You are given a `csv` file, which include various data entries for each football match in **English Premier League** during the 2020-2021 season. To name a few of these entries: date, referee name, number of goals, red cards, etc. The `csv` dataset you are provided contains one row per football match. The column names are abbreviations and given as: 

```
Div = League Division
Date = Match Date (dd/mm/yy)
Time = Time of match kick off
HomeTeam = Home Team
AwayTeam = Away Team
FTHG = Full Time Home Team Goals
FTAG = Full Time Away Team Goals
FTR = Full Time Result (H=Home Win, D=Draw, A=Away Win)
HTHG = Half Time Home Team Goals
HTAG = Half Time Away Team Goals
HTR = Half Time Result (H=Home Win, D=Draw, A=Away Win)
Referee = Match Referee
HS = Home Team Shots
AS = Away Team Shots
HST = Home Team Shots on Target
AST = Away Team Shots on Target
HF = Home Team Fouls Committed
AF = Away Team Fouls Committed
HC = Home Team Corners
AC = Away Team Corners
HY = Home Team Yellow Cards
AY = Away Team Yellow Cards
HR = Home Team Red Cards
AR = Away Team Red Cards
```


In this exercise, you are asked to perform a number of operations to:

 - perform statistical analysis of the data, and

 - gain insights from the data.

In [None]:
# suggested imports
import pandas as pd
import numpy as np
import statsmodels.api as sm
import scipy
from urllib import request
import scipy.stats as stats
from statsmodels import graphics
import arviz as az
import pymc3 as pm
from pymc3 import glm
%matplotlib inline
import matplotlib.pyplot as plt
from sklearn.metrics import accuracy_score, RocCurveDisplay, auc, roc_curve
import seaborn as sns
sns.set_style(style="darkgrid", rc={"axes.facecolor": ".9", "grid.color": ".8"})
sns.set_palette(palette="deep")
sns_c = sns.color_palette(palette="deep")

In [None]:
module_url = f"https://raw.githubusercontent.com/oktaykarakus/cmt309-portfolio/main/EPL_season-2021.csv"
module_name = module_url.split('/')[-1]
print(f'Fetching {module_url}')
with request.urlopen(module_url) as f, open(module_name,'w') as outf:
  a = f.read()
  outf.write(a.decode('utf-8'))

df = pd.read_csv('EPL_season-2021.csv')
df = df.fillna('')

In [None]:
df.head(10)

## P2.1 - Data Pre-processing and Exploratory Analysis (11 marks)

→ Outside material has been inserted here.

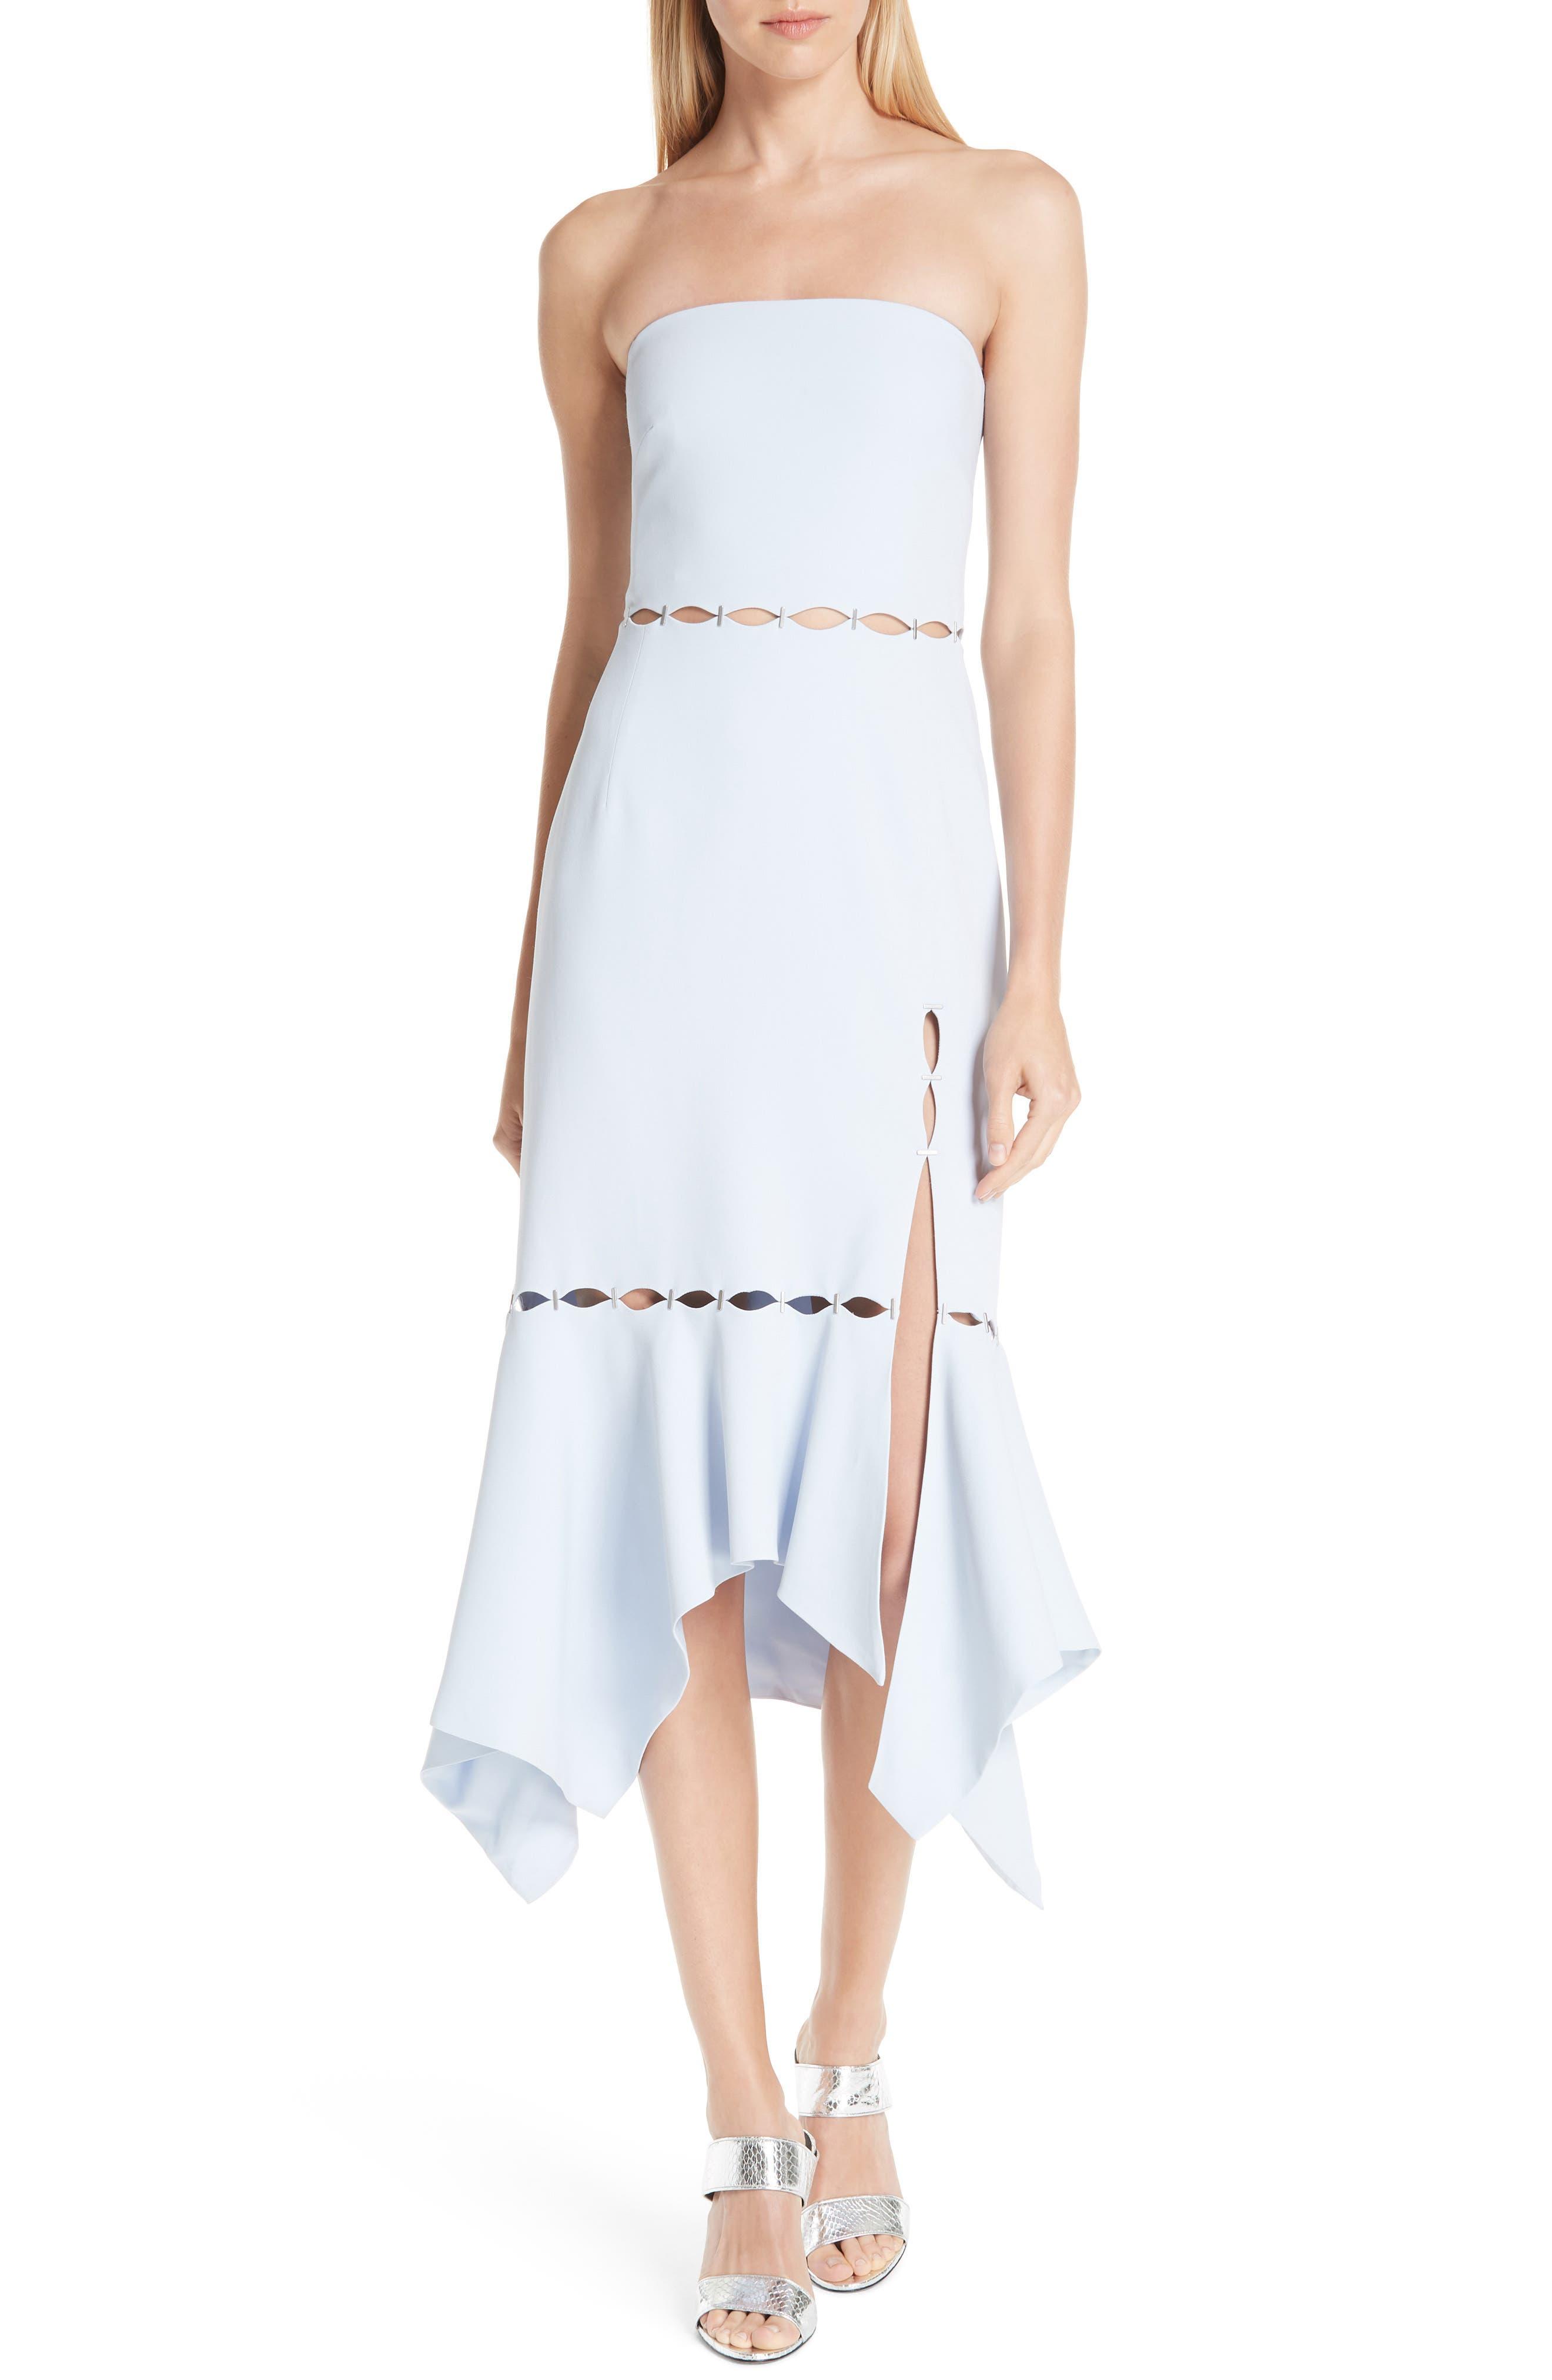 Jonathan Simkhai Stapled Crepe Strapless Dress

In this question, your task is to use `pandas` and other required modules to preprocess the data frame, `df`. Preprocessing will include: add/remove/recode columns in `df`. In addition, to further explore the dataset, you need to produce a number of exploratory plots. 

#### P2.1.1 - Add Booking Points Columns (1 marks) 

Sometimes, in order to better analyse any given data set, one can create a new type of feature by combining two or more existing entries of the data frame. In this question, you are asked to create a function `add_booking_pts(df)` which creates two new columns of: **Home booking points (HBP)**, and **Away booking points (ABP)** by using four existing columns of HY, AY, HR, and AR.

The details of the function `add_booking_pts(df)` are given below:

 - Takes the data frame `df` as input.
 
 - For each match, number of yellow cards is weighted with 10 points, whilst the number of red cards is with 25 points. 
 
 - Basically, the function calculates HBP and ABP columns as
    - $HBP = 10\cdot HY + 25\cdot HR$
    - $ABP = 10\cdot AY + 25\cdot AR$
 
 - These newly created arrays are added to `df`, whilst removing the columns for HY, AY, HR, and AR.
 
 - Finally, the updated `df` is returned.

In [None]:
def add_booking_pts(df):
    # your code here
    return df
add_booking_pts(df)

#### P2.1.2 - Convert Table Colums into Digits (2 marks) 

When reading in the dataframe, one can see that it contains some textual data which will not be relevant for the numerical analyses in Question 1. Therefore, implement a function `convert_results(df)` 

1. (1 mark) to convert **half-time results (HTR)** and **full-time results (FTR)** into numerical data. The details of the function are given below: 
 
- HTR and FTR columns include string values of `'H'`, `'D'` and `'A'`. These string corresponds to the cases below:
    - `'H'`: Home team win

    - `'D'`: Draw

    - `'A'`: Away team win

- The function `convert_results(df)` will replace `'H'`, `'D'` and `'A'` values with `int` type values of of 1, 0, -1, respectively.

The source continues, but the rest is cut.